Selective Androgen Receptor Degrader (SARD) technology is being evaluated as a potentially novel treatment for men with castration-resistant prostate cancer, including those who do not respond or are resistant to currently approved therapies. The Company believes that its SARD compounds will degrade multiple forms of the androgen receptor, including AR variants, such as AR-V7.

The Company continues to make progress towards identifying potential clinical SARD candidates with the goal of initiating preclinical studies in the first quarter of 2016.

Third Quarter and Nine Months 2015 Financial Results

As of September 30, 2015, cash and short-term investments were $34.5 million compared to $49.3 million at December 31, 2014.
Research and development expenses for the quarter ended September 30, 2015 were $3.8 million compared to $3.4 million for the same period of 2014.
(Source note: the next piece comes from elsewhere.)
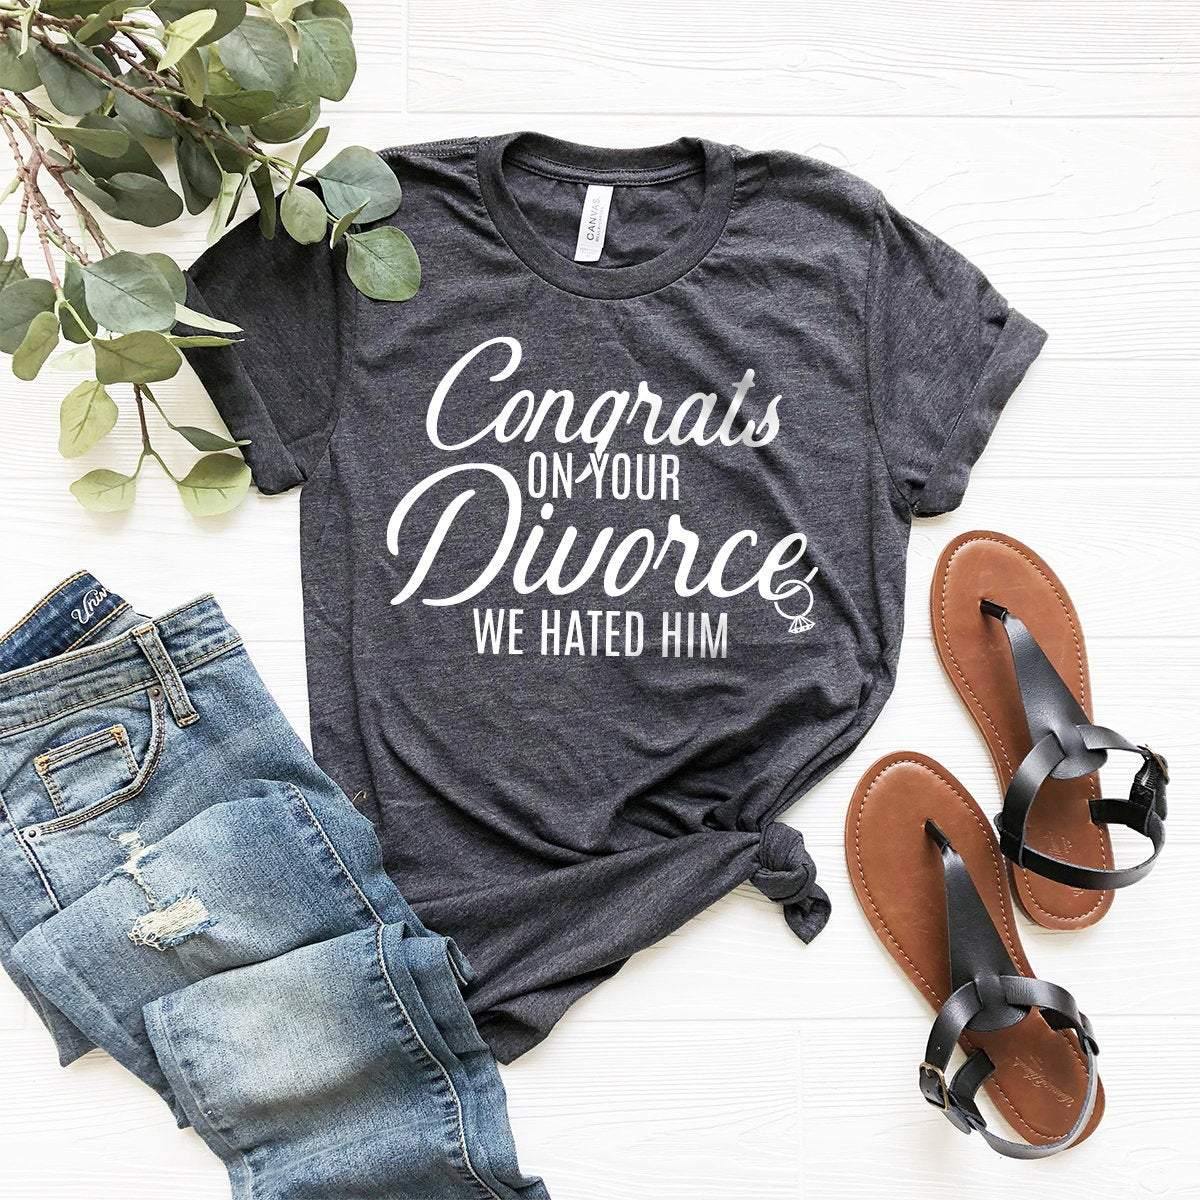 divorce party shirts

General and administrative expenses for the quarter ended September 30, 2015 were $2.0 million compared to $1.6 million for the same period of 2014.

The Company recognized a non-cash gain of $40.7 million and $352,000 for the quarter and nine months ended September 30, 2015, respectively, due to the change in fair value of the Company’s warrant liability. The Company classified the warrants issued in its November 2014 private placement as a liability due to certain provisions of the warrants that may require the Company, or its successor, to pay cash to warrant holders under certain circumstances through December 31, 2016. The Company anticipates recognizing non-cash gains or losses resulting from the revaluation of these warrants to fair value each reporting period through the earlier of December 31, 2016 or the exercise in full of these warrants.

Net income for the quarter ended September 30, 2015 was $34.9 million compared to a net loss of $4.9 million for the same period in 2014. Net income for the quarter ended September 30, 2015 included the above mentioned non-cash gain of $40.7 million related to the change in the fair value of the Company’s warrant liability. The net loss for the nine months ended September 30, 2015 was $15.5 million compared to $24.9 million for the same period of 2014. The net loss for the nine months ended September 30, 2015 included a non-cash gain of $352,000 related to the change in fair value of the Company’s warrant liability.

GTx had approximately 140.4 million shares outstanding as of September 30, 2015. Additionally, there remain warrants outstanding to purchase approximately 64.3 million shares of GTx common stock at an exercise price of $0.85 per share.